The question isn't entirely clear. Are you saying that you want to copy the photos to another external drive *and then have Lightroom reference the photos from that new copy*?

If so, copy the photos outside Lightroom using Explorer, taking care to maintain the same folder structure. Then, when the copy is complete, in Lightroom right-click on the top-level folder in the Folders Panel and select "Update Folder Location". In the resulting file browser, navigate to and select the new copy of that folder on the new external drive. Lightroom will then switch it's reference links to the new drive for all the folders and files, whilst maintaining all your Lightroom work (collections, keywords, etc.).


----------



## Sodapop (Oct 14, 2014)

Jim Wilde said:


> The question isn't entirely clear. Are you saying that you want to copy the photos to another external drive *and then have Lightroom reference the photos from that new copy*?
> 
> If so, copy the photos outside Lightroom using Explorer, taking care to maintain the same folder structure. Then, when the copy is complete, in Lightroom right-click on the top-level folder in the Folders Panel and select "Update Folder Location". In the resulting file browser, navigate to and select the new copy of that folder on the new external drive. Lightroom will then switch it's reference links to the new drive for all the folders and files, whilst maintaining all your Lightroom work (collections, keywords, etc.).



Thanks for both replies.

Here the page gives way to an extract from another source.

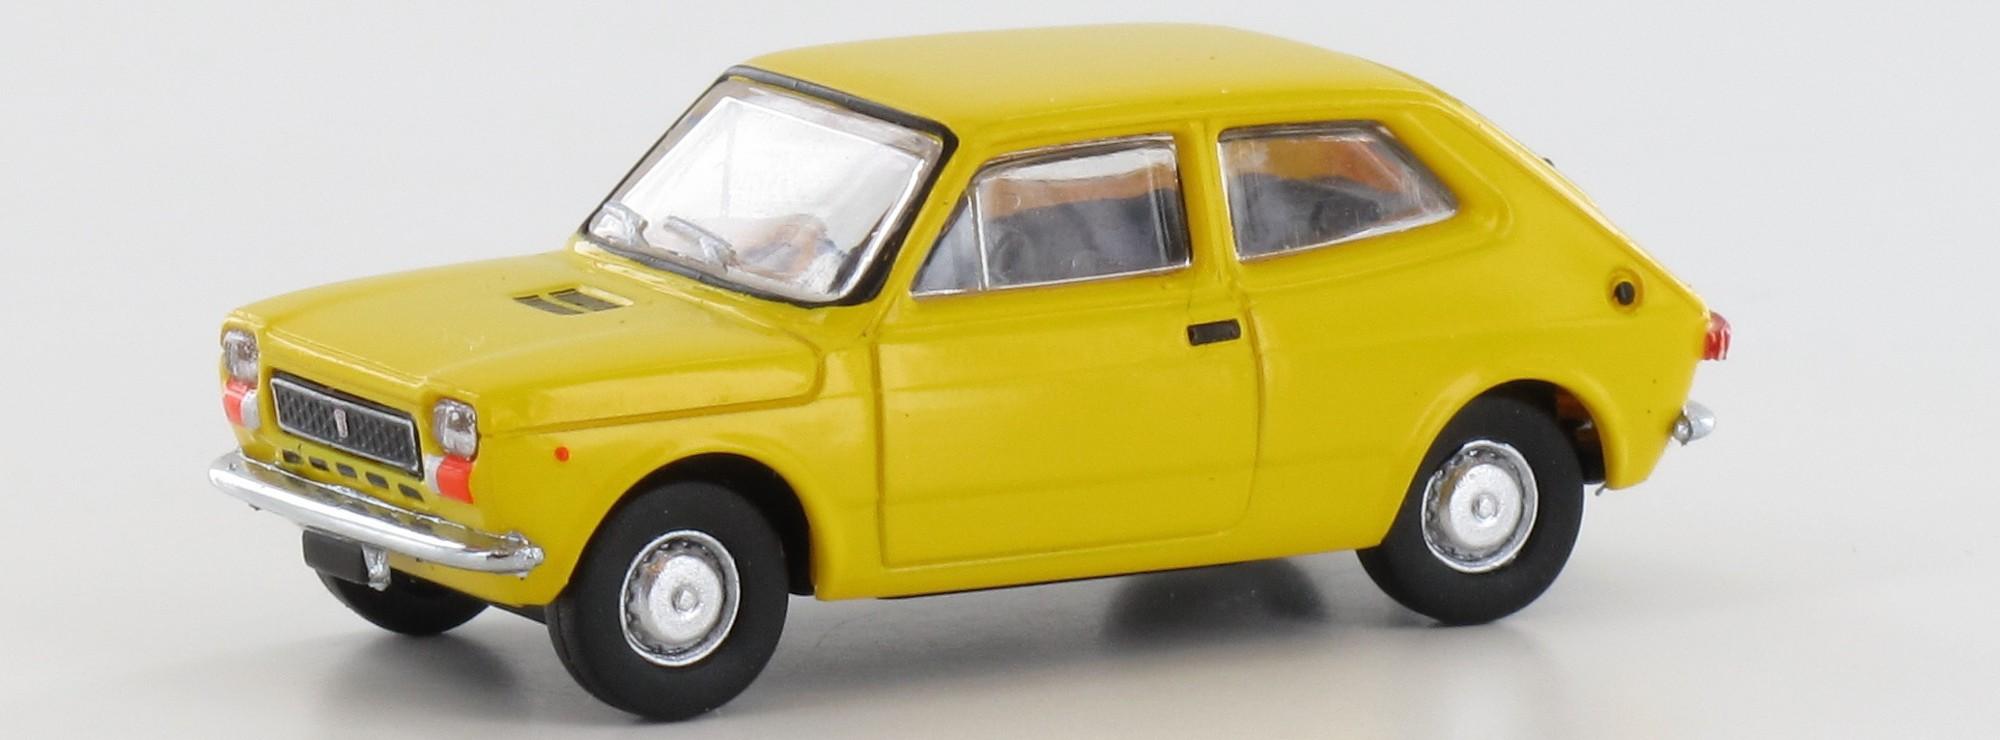 #22506 Brekina Fiat 127 dunkelorange 1:87

I will copy via explorer..


----------



## Aoraki (May 31, 2021)

clee01l said:


> TimeMachine will let you set up to multiple local backup drives.  It will also let you backup to a networked NAS (TimeCapsule) and at least one local drive.  When there are multiple backup destinations, TimeMachine will take turns backing up to a different volume each scheduled backup.
> 
> TimeMachine keeps version of the unique files on your HDD. If  TM backs up a file on June 1st and you delete the file on July 1st, you can on October go back to the June 1st's backup and recover that file. However, this is not a useful solution to freeing up space on a local volume.  If you have images cataloged in LR and you want to keep them, add another volume and (using the LR Folder panel) move the seldom used image files to another volume.  I keep the last three months of cataloged images on my volume labeled "MacIntosh HD"  After ~3 months I probably have finished post processing and the images just need to be available if I print or export.  When these images have aged sufficiently, I drag the folders (using the LR Folder panel) to the location on another Volume that I have named ImageArchive.   TimeMachine backs up both volumes to a larger third volume.
> 
> ...


Time machine isn't full proof. I recently found when shifting to a new Macbook and an upgraded OS that I could not access earlier Time Machine saves. It's certainly easy, can do multiple drives but maybe the likes of Carbon Copy Cloner


----------



## clee01l (Jun 1, 2021)

Aoraki said:


> Time machine isn't full proof. I recently found when shifting to a new Macbook and an upgraded OS that I could not access earlier Time Machine saves. It's certainly easy, can do multiple drives but maybe the likes of Carbon Copy Cloner


But it is "foolproof".  As designed you can only access the backups of the one computer you are on.  The migration assistant will let you restore from a backup of a foreign computer (the old computer).   The ability to backup FROM multiple drives or TO multiple destinations is the feature that I was promoting for the OP.  And the most important feature is that it is an included free app.


----------